- Cover of the Danish release (EMI)

Single by Dermot O'Brien and his Clubmen

from the album The Merry Ploughboy
- B-side: "Come Down The Mountain, Katie Daly"
- Released: 1966
- Recorded: 1966
- Genre: Irish traditional
- Length: 2:30
- Label: Envoy
- Songwriters: Jeremiah Lynch, arr. Dominic Behan

Dermot O'Brien and his Clubmen singles chronology
|  | "The Merry Ploughboy (Off To Dublin In The Green)" (1966) | "I Walk The Line" (1973) |

= The Merry Ploughboy =

"The Merry Ploughboy" is an Irish traditional song by Jeremiah Lynch, known for a successful 1966 version by Dermot O'Brien.

==Song history==
"The Merry Ploughboy" was written by Jeremiah Lynch during the Irish War of Independence. It alters the lyrics of an English folk tune, "The Jolly Ploughboy," about an Englishman who leaves behind the plough to join the British Army. "The Merry Ploughboy" is about an Irish farmer who joins the Irish Republican Army (IRA), and talks about going to Dublin in order to fight and retrieve "the land the Saxon stole."

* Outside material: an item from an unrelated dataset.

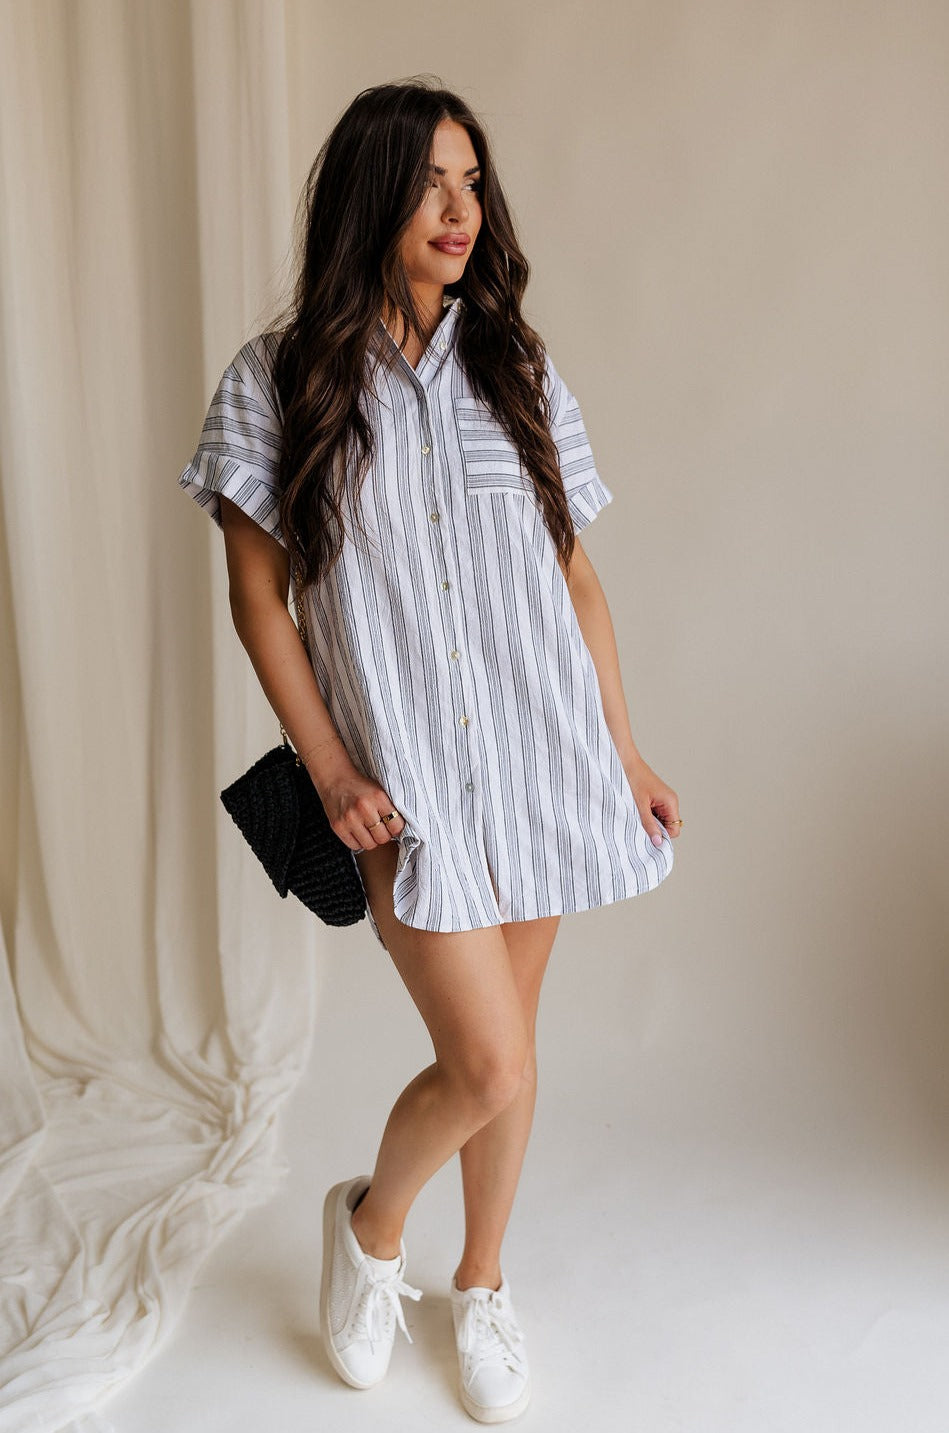 Full body front view of female model wearing the Jenna White & Black Striped Mini Dress that has white fabric with vertical black stripes, a front pocket, button up front, short sleeves, and collar.

"The Merry Ploughboy (Off To Dublin In The Green)" was released by Dermot O'Brien (who also played accordion on the track) in 1966 to mark the 50th anniversary of the Easter Rising, with an arrangement by Dominic Behan, and was number one on the Irish Singles Chart for six weeks. Kevin Myers described it as "one of the most influential songs of pre-Troubles Ireland." O'Brien confessed to being less comfortable with singing the song once the Troubles had begun, saying in 1975 "at that time [1966] there was no trouble in the North and the record was a great hit. I am still asked to sing it, although I am completely against violence and don't think that sort of song goes well at the present moment."